Well, since nobody's taken a stab at it, I do have a sketch of what may be a proof.

First, the image consists of all polynomials whose terms each have equal numbers of $x$'s and $y$'s. The kernel, I'm sure, is generated by the elements of the form $z_{ij}z_{k\ell} - z_{i\ell} z_{kj}$. The verification would be to show that, modulo this ideal, a product of $z$'s is completely determined simply by the unordered multi-set of first indices and second indices, which corresponds to the appropriate product of $x$'s and $y$'s.

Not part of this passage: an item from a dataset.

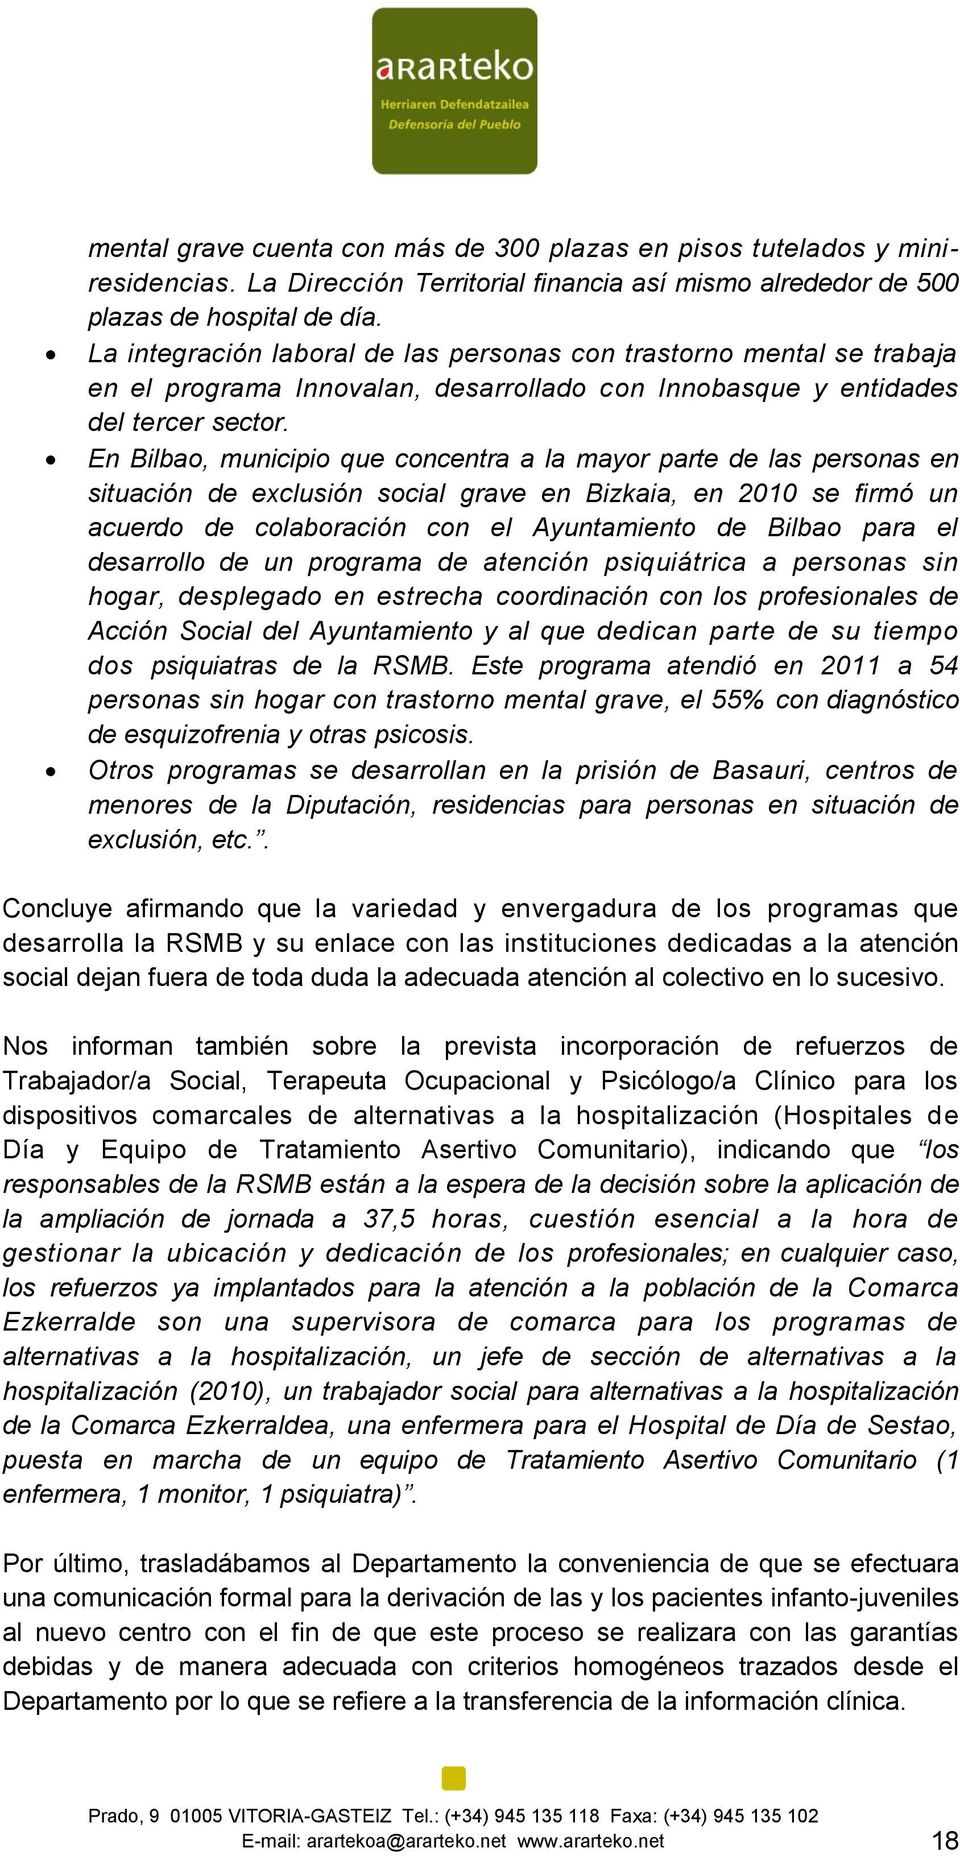 En Bilbao, municipio que concentra a la mayor parte de las personas en situación de exclusión social grave en Bizkaia, en 2010 se firmó un acuerdo de colaboración con el Ayuntamiento de Bilbao para

Now switch to the geometric view. If the system of equations $z_{ij}z_{k\ell} - z_{i\ell} z_{kj} = 0$ doesn't have a singularity, then the image of $\phi$ is, I believe, a regular ring. In particular, this implies it's integrally closed.

We can check if it has a singularity by adding in more equations that say the first-order partial derivatives of the defining equations are zero. i.e. every equation

$$ \frac{\partial}{\partial z_{uv}} (z_{ij}z_{k\ell} - z_{i\ell} z_{kj}) = 0 $$

The resulting system of equations does have a solution, if $m,n \geq 2$: it is $z_{ij} = 0$ for all $i,j$.

Now, I believe the following statements are true, if $m,n \geq 2$.

  • The system of equations $z_{ij} z_{k\ell} - z_{i\ell} z_{kj}$ define an $(m+n)$-dimensional variety.
  • The singular set of this variety is the single point defined by $z_{ij}=0$, and thus is zero dimensional.
  • Because the singular set has codimension $> 1$, this implies the image of $\varphi$ is integrally closed.

If $m=1$ or $n=1$, then $\phi$ is injective, and so its image is integrally closed because its domain is.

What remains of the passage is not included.